Let’s start by finding the total number of different arrangements,
$\underline{\textcolor{#0f0}{D}}\ \ \underline{\textcolor{#2192ff}{E}}\ \ \underline{C}\ \ \underline{\textcolor{#2192ff}{E}}\ \ \underline{I}\ \ \underline{V}\ \ \underline{\textcolor{#2192ff}{E}}\ \ \underline{\textcolor{#0f0}{D}}$ Since there are $8$ letters, the letter $\textcolor{#2192ff}{E}$ appears three times, the letter $\textcolor{#0f0}{D}$ appears twice, then,
$\frac{8!}{\textcolor{#2192ff}{3!}\textcolor{#0f0}{2!}}$ This would simplify to,
$3\ 360$ Now let’s find the total number of arrangements when the three Es are all together. It would look something like this,
$\underline{\textcolor{#2192ff}{EEE}}\ \ \underline{\textcolor{#0f0}{D}}\ \ \underline{C}\ \ \underline{I}\ \ \underline{V}\ \ \underline{\textcolor{#0f0}{D}}$ So our number of arrangements would be,
$\frac{6!}{\textcolor{#0f0}{2!}}$ This would simplify to,
$360$ Now let’s go back to the statement we deduced above,

$\textmd{Total arrangements in which three Es are not all together = Total number of different arrangements }-\textmd{ Total arrangements in which Es are all together}$

Let’s substitute in our answers,
$\textmd{Total arrangements in which three Es are not all together } = 3\ 360 - 360$ Simplify,
$\textmd{Total arrangements in which three Es are not all together } = 3\ 000$ Therefore, the final answer is,
$3\ 000$ 3. Raman and Sanjay are members of a quiz team which has $9$ members in total. Two photographs of the quiz team are to be taken. For the first photograph, the $9$ members will stand in a line. (9709/51/O/N/21 number 5)

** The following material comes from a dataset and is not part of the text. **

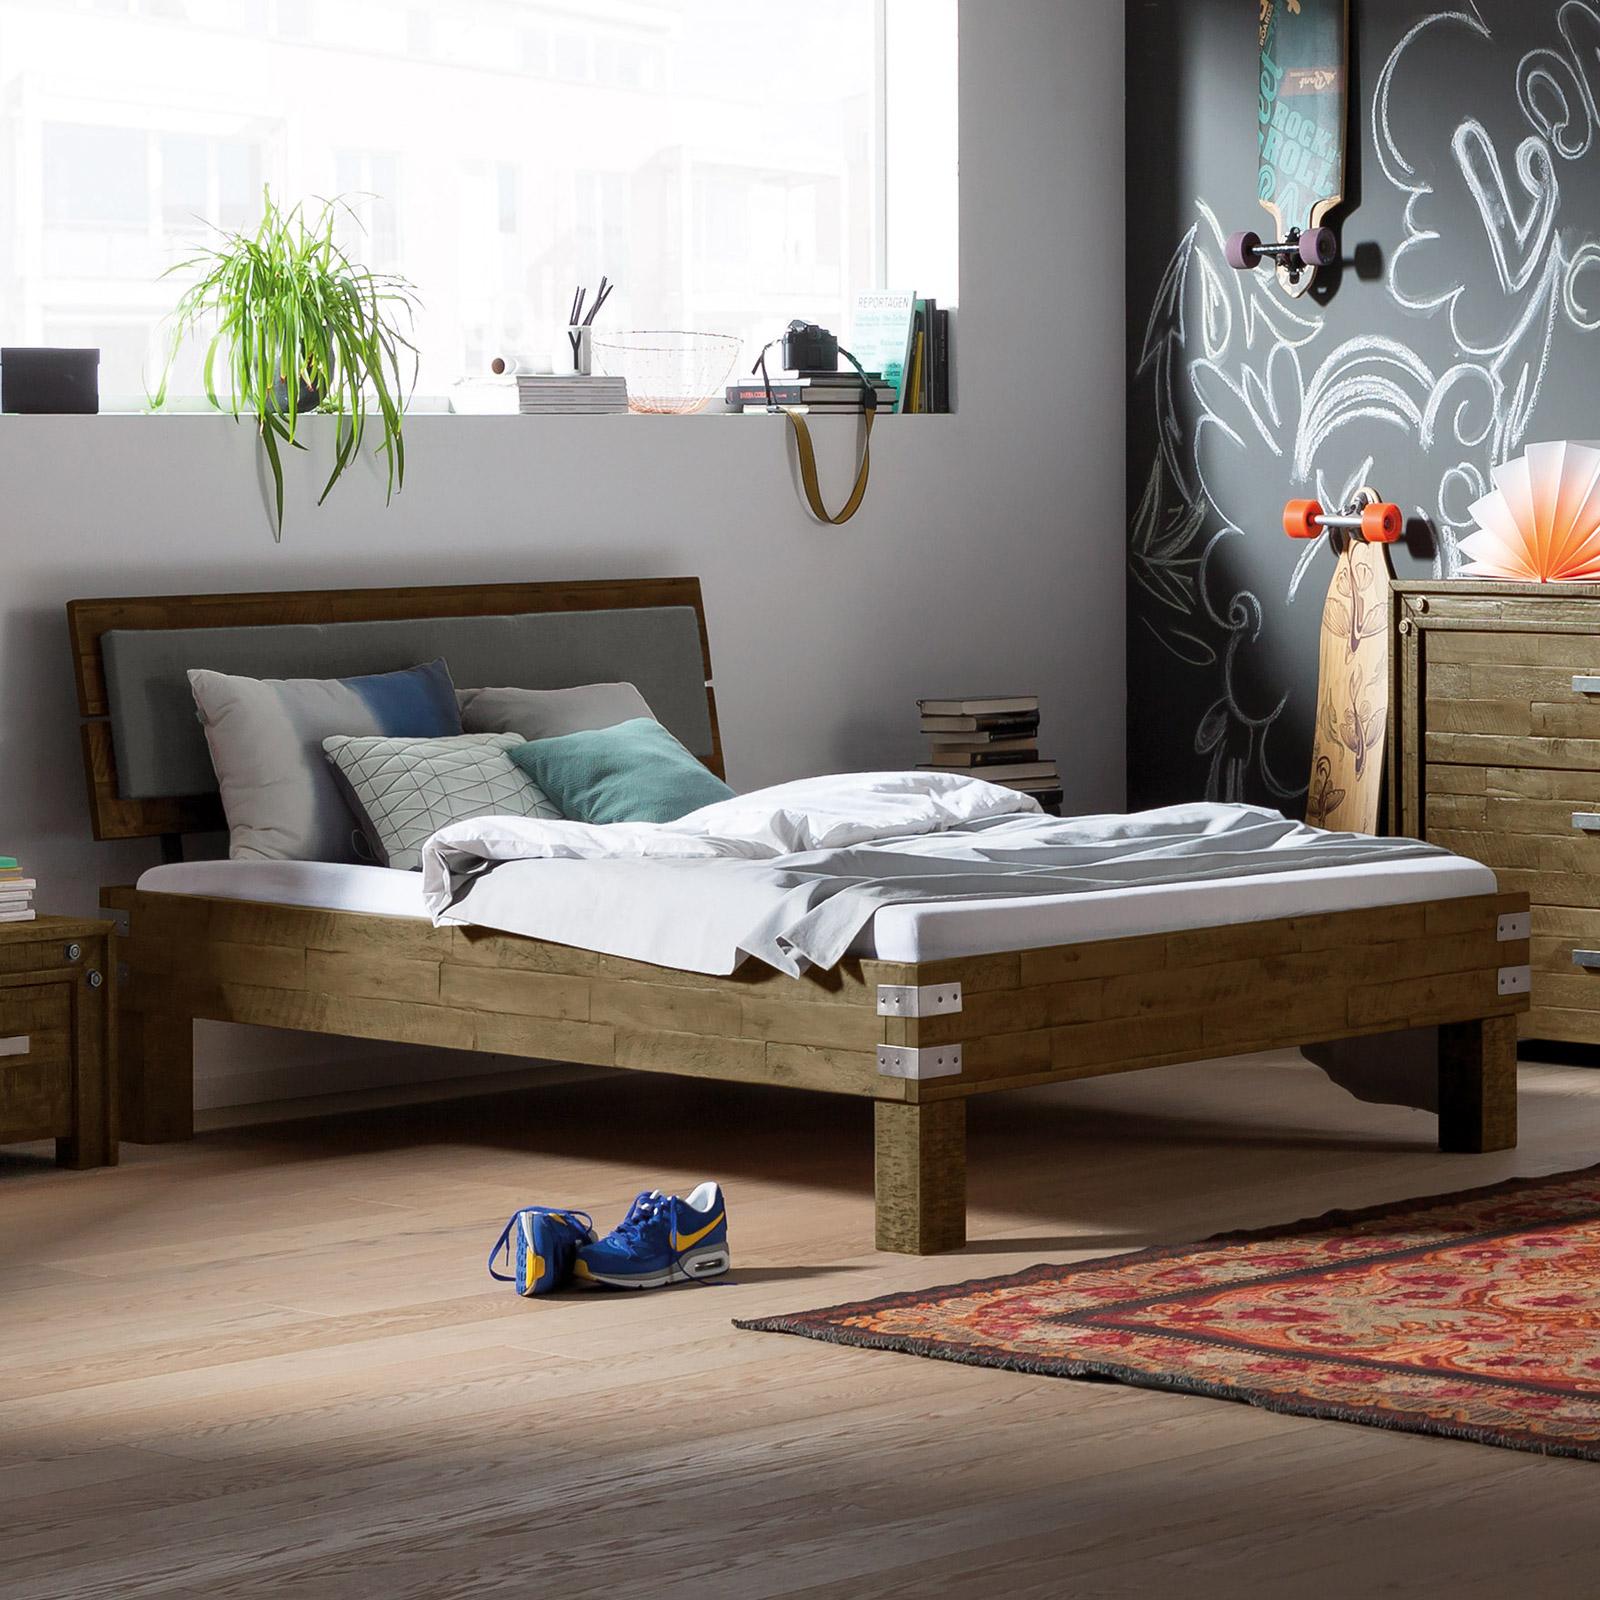 Jugendbett aus akazie im industrial style felipe - Bett industrial ...

(a) How many different arrangements of the $9$ members are possible in which Raman will be at the center of the line?

Let’s start by assigning Raman a letter of $R$ and Sanjay, $S$ . Having Raman in the middle would look something like this,
$\underline{P_{1}}\ \ \underline{P_{2}}\ \ \underline{P_{3}}\ \ \underline{P_{4}}\ \ \underline{\textcolor{#2192ff}{R_{}}}\ \ \underline{P_{5}}\ \ \underline{P_{6}}\ \ \underline{P_{7}}\ \ \underline{S}$ Note: $P$ represents person, so $P_{1}$ would be person $1$ .

Since the $R$ will be fixed we can ignore it,
$\underline{P_{1}}\ \ \underline{P_{2}}\ \ \underline{P_{3}}\ \ \underline{P_{4}}\ \ \underline{P_{5}}\ \ \underline{P_{6}}\ \ \underline{P_{7}}\ \ \underline{S}$ Now let’s find the total number of arrangements possible for the above. There are $8$ under lines and no repeats, so it would be,
$8!$ Which simplifies to,
$40\ 320$ Therefore, the final answer is,
$40\ 320$ (b) How many different arrangements of the $9$ members are possible in which Raman and Sanjay are not next to each other.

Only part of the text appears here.